Langevin Monte Carlo

We start from some initial distribution $p_0$. We can take $p_0$ to be a uniform distribution. We then apply the following update rule iteratively:

\[\begin{align*} X_0 & \sim p_0 \\ X_{k+1} & := X_k + s \cdot \nabla_x \log p_{\theta}(X_k) + \sqrt{2s}\, N_k \end{align*}\]

where

\[\begin{align*} \nabla_x \log p_{\theta}(x) & = \nabla_x \log \frac{e^{-f_{\theta}(x)}}{Z(\theta)} \\ & = - \nabla_x f_{\theta}(x) - \nabla_x \log Z(\theta) \\ & = - \nabla_x f_{\theta}(x) \end{align*}\]
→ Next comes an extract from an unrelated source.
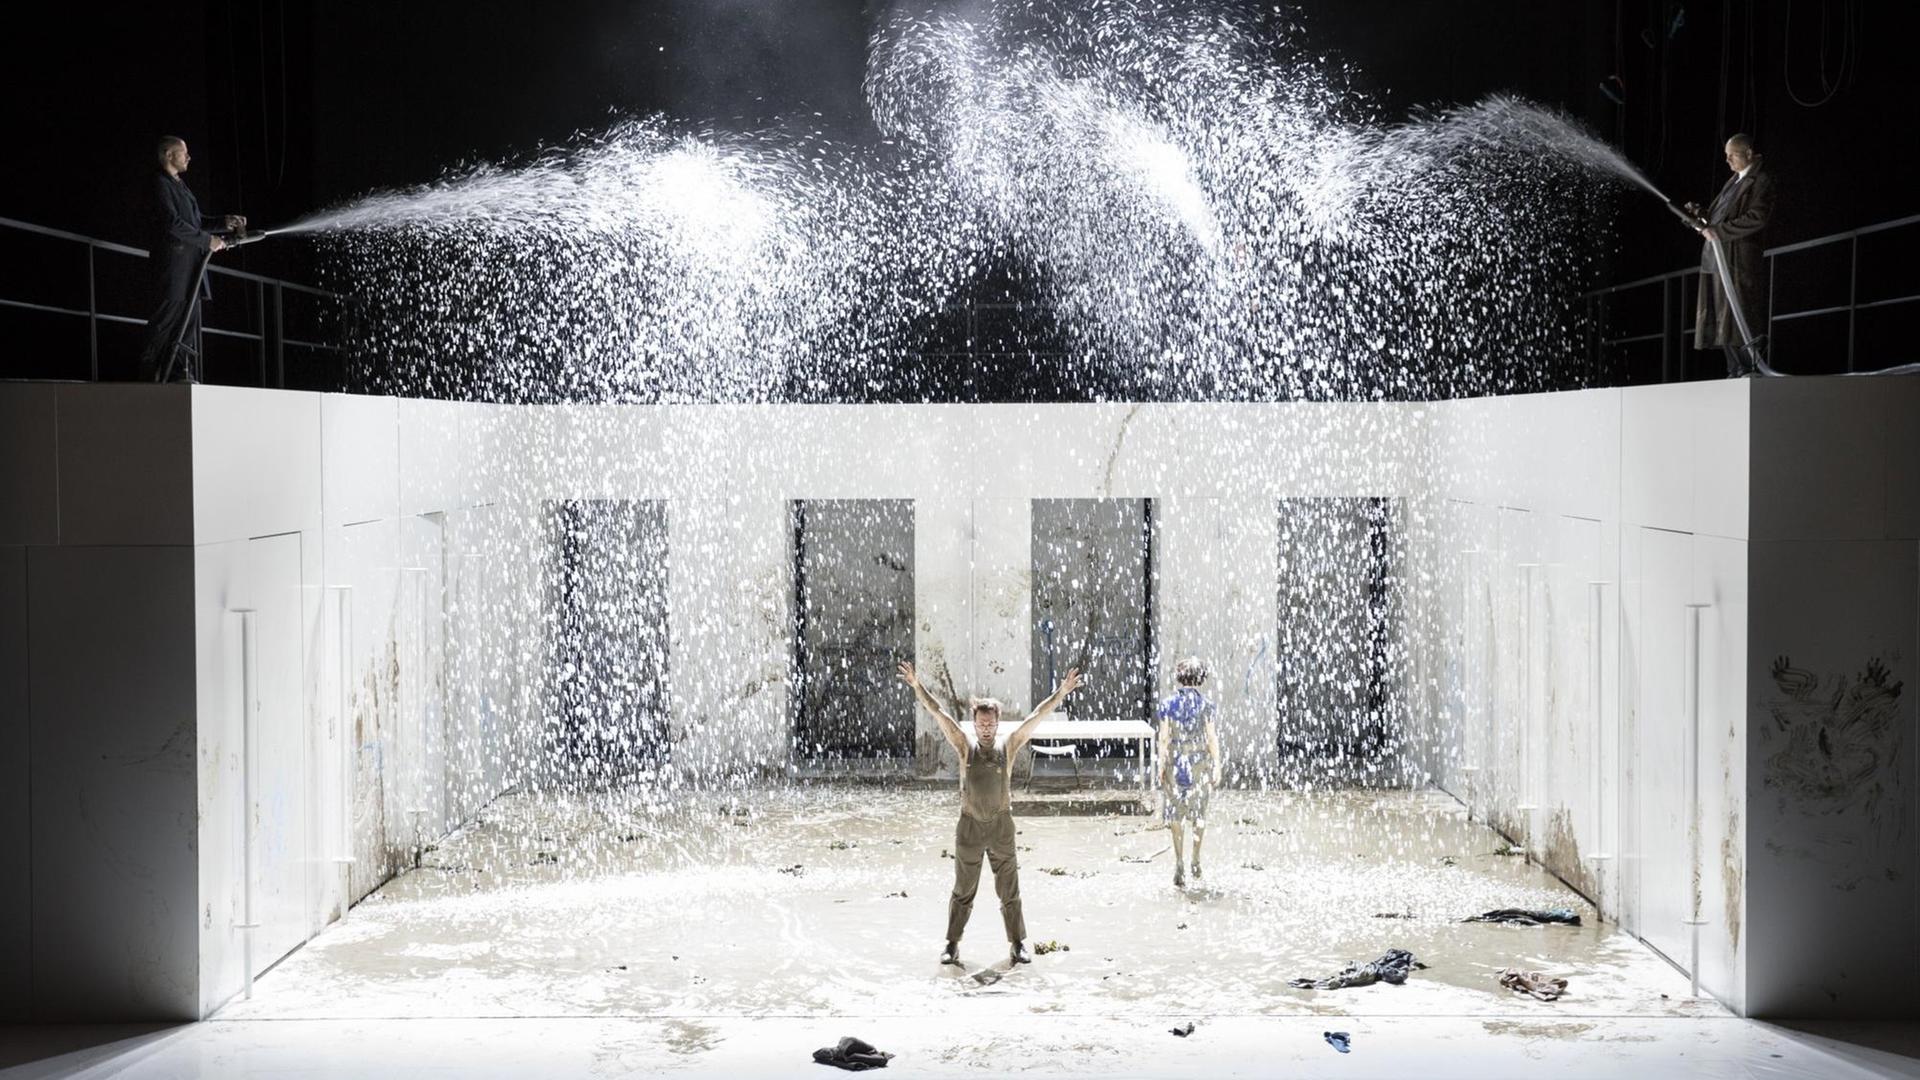 Szene aus "Les Bienveillantes": Zwei Schauspieler sprenkeln mit Schläuchen Wasser auf die völlig verdreckte Bühne und die darauf stehenden Schauspieler.

and $s$ is the step size and $N_k$ is a standard normal random variable. The update rule is thus given by:

\[X_{k+1} := X_k - s \cdot \nabla_x f_{\theta}(X_k) + \sqrt{2s}\, N_k\]

We run this update rule for $K$ iterations. As $K \to \infty$, the distribution of $X_K$ converges to $p^*$, which is the distribution we want to sample from.

Note

It may not be clear at first glance why this iteration procedure takes us to the target distribution, but it is a well-established technique in sampling theory, which we can discuss more in a later article.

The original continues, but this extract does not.